Question-and-Answer Session
Operator
(Operator Instructions) Your first question comes from [Samit Hareek] of Banc of America Securities.
[Samit Hareek] – Banc of America Securities
Hi, good morning, I’m here with Christy McElroy as well. Can you elaborate on the comment in your press release regarding flooding in the Midwest? Which specific centers were impacted and were there any damages not covered by insurance? Also, if you can, if you can quantify the resulting impact on sales growth and percentage rents in the quarter?
Steven B. Tanger
Let me take them one at a time. We have a center which we opened last year in Wisconsin Dells, Wisconsin, highly publicized at Lake Delton, which created the Wisconsin Dells. The dam that created the lake broke. It was highly publicized in that area and affected traffic. In Branson, Missouri, Lake Branson flooded, and Branson of course is a very popular tourist area in the Midwest. Finally we have a center in Williamsburg, Iowa, and regrettably Iowa was subject to considerable flooding for most of the second quarter. I’m pleased to tell you thought that none of our centers had any significant damage and any damage we had was covered by insurance.
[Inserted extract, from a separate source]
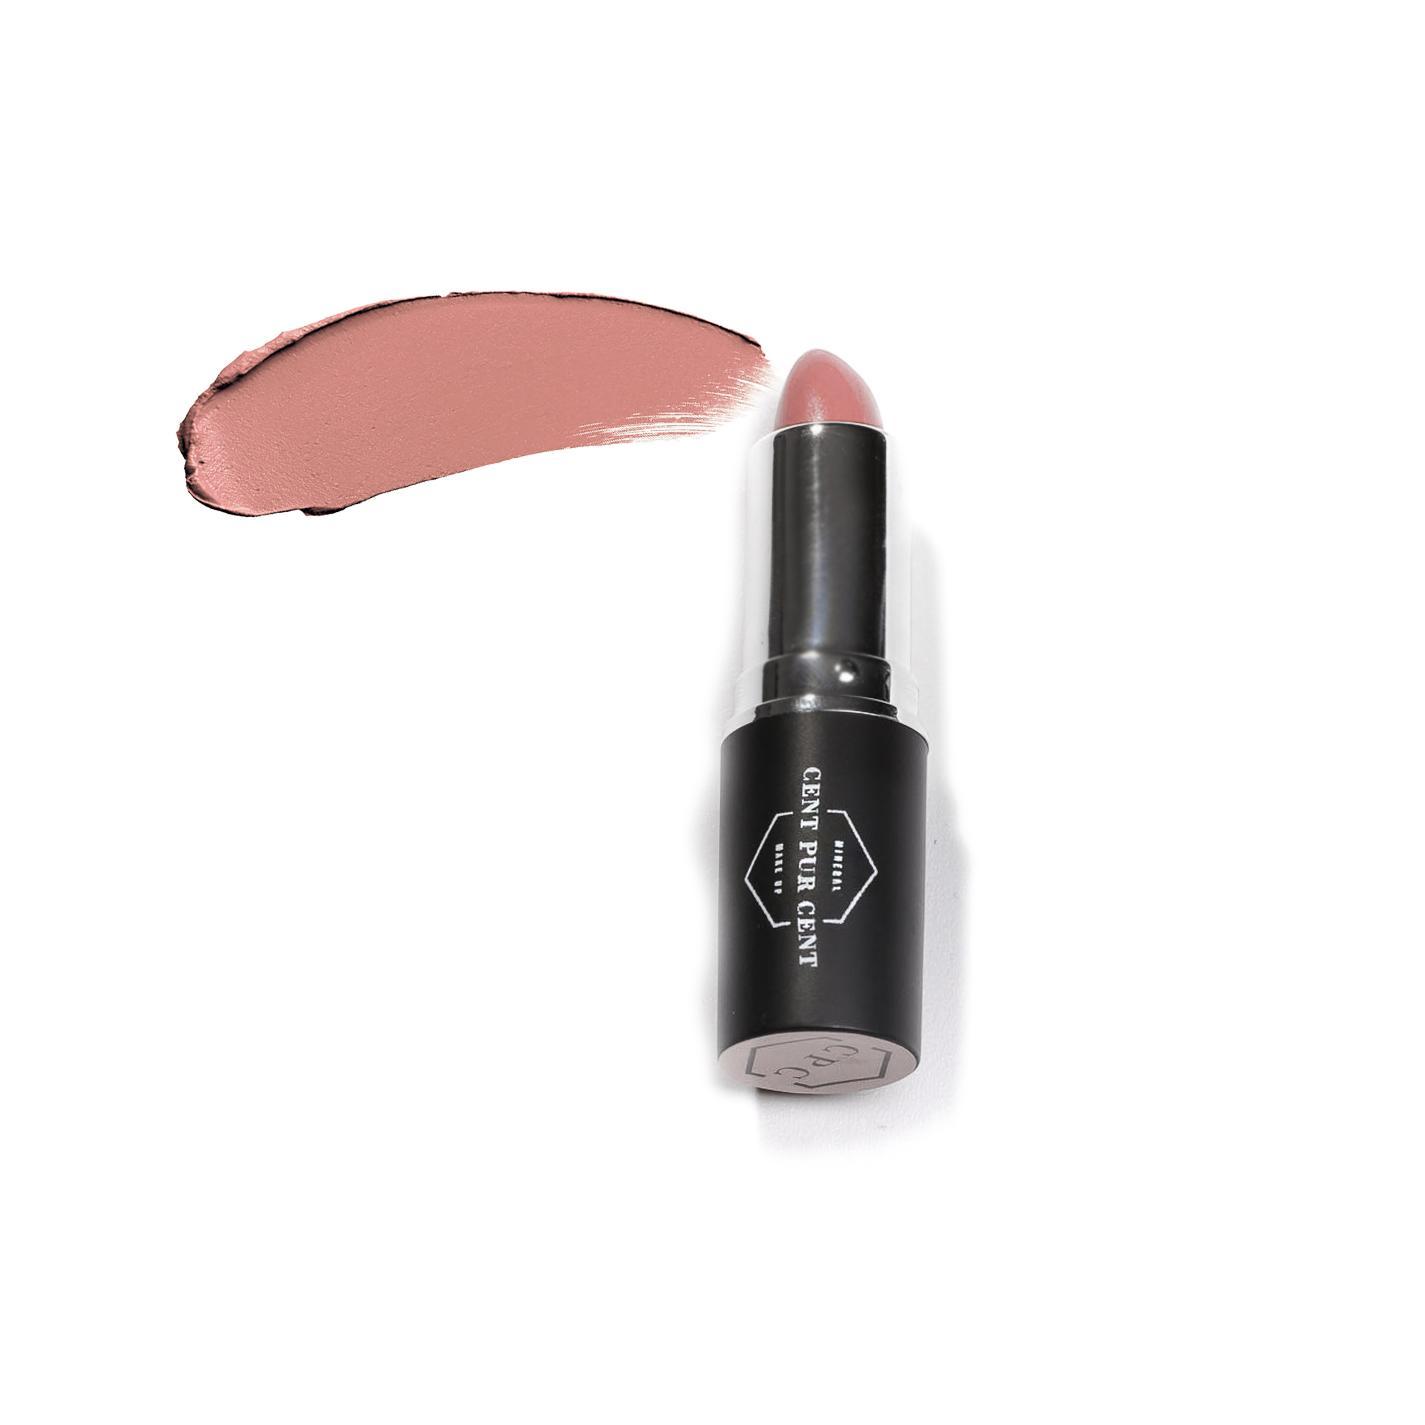 Cent Pur Cent Mineral Lipstick Saumon

[Samit Hareek] – Banc of America Securities
I guess then taking that, do you have any idea exactly how much of that impacted your percentage rents and the sales growth in the quarter?
Steven B. Tanger
I think about 10% of our portfolio was located in the Midwest. We can certainly quantify for you and if you want to call us after the call we can try to give you an estimate but we don’t have that estimate right now.
[Samit Hareek] – Banc of America Securities
Okay and lastly, I guess, do you have any sense that maybe there’s becoming some slowing customer traffic driven by fewer people making the drive out to your centers given higher gas prices or is really some of that or most of that offset as consumers trade down to more discounted merchandise given the current environment?
Steven B. Tanger
I think I’d agree with both your statements. Every business is affected by higher gas prices which are in direct relation to higher oil prices. We’re pleased to see that oil is now back down almost to a high by historic levels back down to $120, $122 a barrel, which is off 17% this month alone. So hopefully that has already started to reflect in lowering gas prices. But yes, our traffic was down in the second quarter, and yes, it was probably a result in some areas of higher gas prices. Offsetting that, the old adage still remains true. In good times people like a bargain, and in the not-so-good times they need one. Outlet centers remain the distribution channel where consumers can buy brand name products direct from the manufacturer. They cut out the middle man and get the largest assortment of brand name products and the best values, so we still remain a very profitable distribution channel for our tenants and we have long term leases with sophisticated retailers that continue to do well, most of them continue to do well even in tough economic times.